Gergs Ulrich, Jung Franziska, Buchwalow Igor B, Hofmann Britt, Simm Andreas, Treede Hendrik, Neumann Joachim
Institute for Pharmacology and Toxicology, Medical Faculty, Martin Luther University Halle-Wittenberg, Halle (Saale), Germany;
Institute for Pharmacology and Toxicology, Medical Faculty, Martin Luther University Halle-Wittenberg, Halle (Saale), Germany.
Am J Physiol Heart Circ Physiol. 2017 Dec 1;313(6):H1087-H1097. doi: 10.1152/ajpheart.00350.2017. Epub 2017 Sep 15.
Using transgenic (TG) mice that overexpress the human serotonin (5-HT) receptor specifically in cardiomyocytes, we wanted to know whether 5-HT can be formed and degraded in the mammalian heart and whether this can likewise lead to inotropic and chronotropic effects in this TG model. We noted that the 5-HT precursor 5-hydroxy-tryptophan (5-HTP) can exert inotropic and chronotropic effects in cardiac preparations from TG mice but not from wild-type (WT) mice; similar results were found in human atrial preparations as well as in intact TG animals using echocardiography. Moreover, by immunohistochemistry we could detect 5-HT metabolizing enzymes and 5-HT transporters in mouse hearts as well as in human atria. Hence, in the presence of an inhibitor of aromatic l-amino acid decarboxylase, the positive inotropic effects of 5-HTP were absent in TG and isolated human atrial preparations, and, moreover, inhibitors of enzymes involved in 5-HT degradation enhanced the efficacy of 5-HT in TG atria. A releaser of neurotransmitters increased inotropy in the isolated TG atrium, and this effect could be blocked by a 5-HT receptor antagonist. Fluoxetine, an inhibitor of 5-HT uptake, elevated the potency of 5-HT to increase contractility in the TG atrium. In addition, inhibitors of organic cation and monoamine transporters apparently reduced the positive inotropic potency of 5-HT in the TG atrium. Hence, we tentatively conclude that a local production and degradation of 5-HT in the mammalian heart and more specifically in mammalian myocytes probably occurs. Conceivably, this formation of 5-HT and possibly impaired degradation may be clinically relevant in cases of unexplained tachycardia and other arrhythmias. The present work suggests that inotropically active serotonin (5-HT) can be formed in the mouse and human heart and probably by cardiomyocytes themselves. Moreover, active degradation of 5-HT seems to occur in the mammalian heart. These findings may again increase the interest of researchers for cardiac effects of 5-HT.
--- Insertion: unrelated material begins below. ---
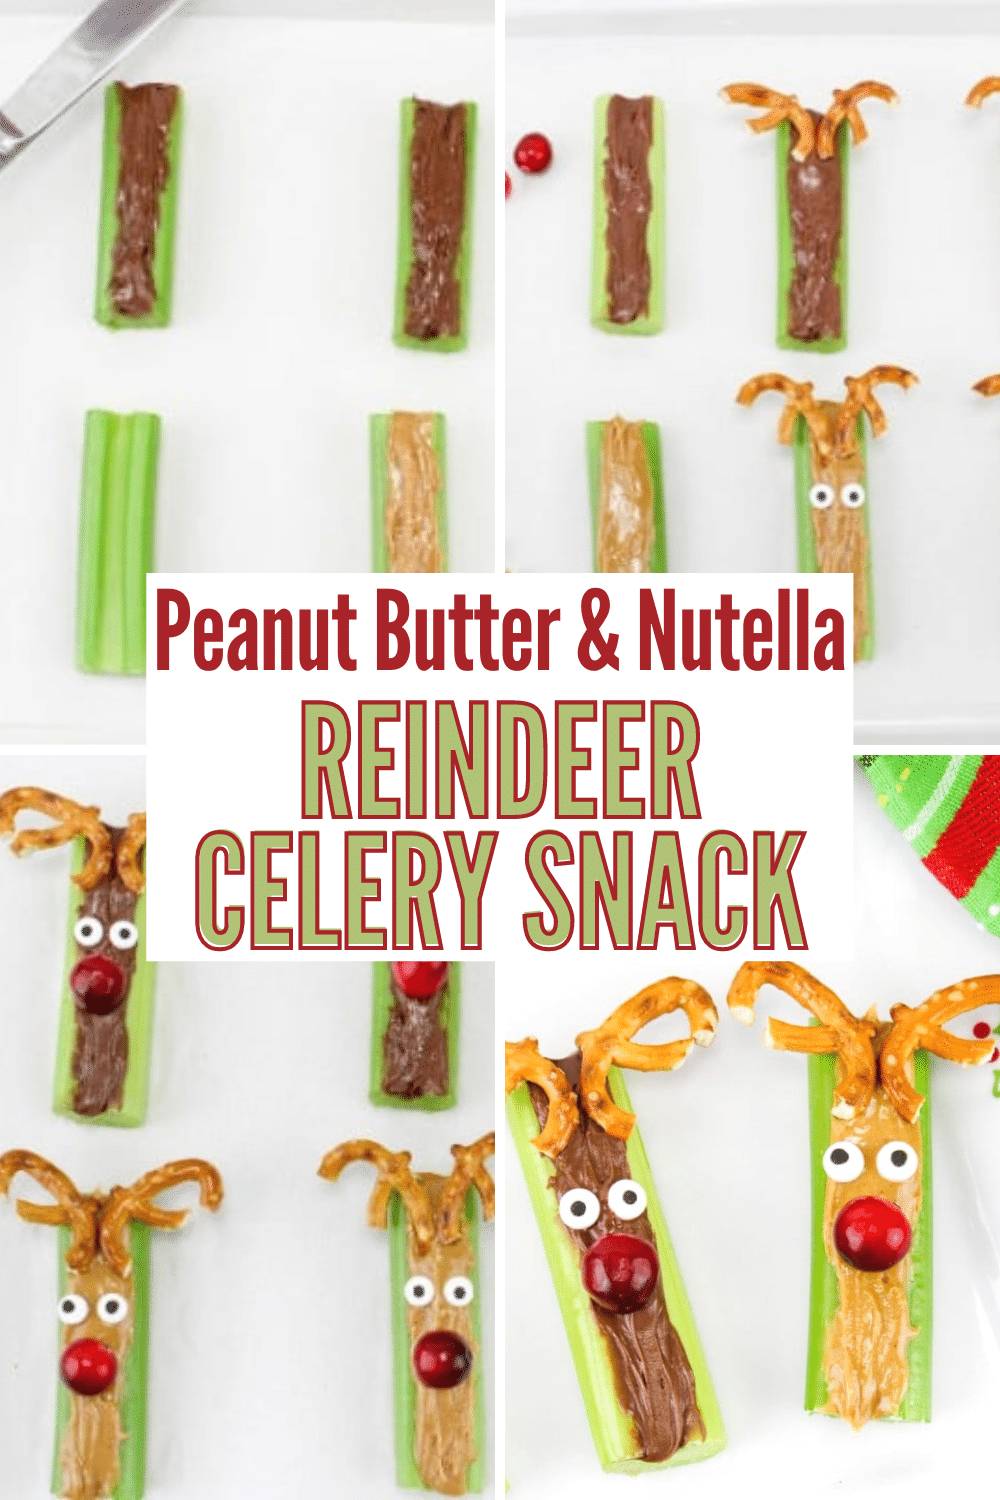 These Celery Reindeer Snacks are so cute and really easy to make. They're the perfect snack for kids during the holiday season. #Christmas #reindeer #funfood #snacks via @wondermomwannab

我们利用在心肌细胞中特异性过表达人类血清素(5-羟色胺,5-HT)受体的转基因(TG)小鼠,旨在探究5-HT是否能在哺乳动物心脏中合成与降解,以及这是否同样会在该TG模型中引发变力性和变时性效应。我们注意到,5-HT前体5-羟色氨酸(5-HTP)可在TG小鼠而非野生型(WT)小鼠的心脏制剂中发挥变力性和变时性效应;在人类心房制剂以及使用超声心动图检测的完整TG动物中也发现了类似结果。此外,通过免疫组织化学,我们能够在小鼠心脏以及人类心房中检测到5-HT代谢酶和5-HT转运体。因此,在存在芳香族L-氨基酸脱羧酶抑制剂的情况下,TG和分离的人类心房制剂中5-HTP的正性变力作用消失,而且,参与5-HT降解的酶的抑制剂增强了5-HT在TG心房中的效力。神经递质释放剂可增加分离的TG心房的收缩力,且这种效应可被5-HT受体拮抗剂阻断。5-HT摄取抑制剂氟西汀提高了5-HT在TG心房中增加收缩力的效力。此外,有机阳离子和单胺转运体抑制剂明显降低了5-HT在TG心房中的正性变力效力。因此,我们初步得出结论,5-HT可能在哺乳动物心脏尤其是哺乳动物心肌细胞中进行局部合成和降解。可以想象,5-HT的这种形成以及可能受损的降解在不明原因的心动过速和其他心律失常病例中可能具有临床相关性。目前的研究表明,具有变力活性的血清素(5-HT)能够在小鼠和人类心脏中形成,且可能由心肌细胞自身合成。此外,5-HT的活性降解似乎也发生在哺乳动物心脏中。这些发现可能会再次提高研究人员对5-HT心脏效应的兴趣。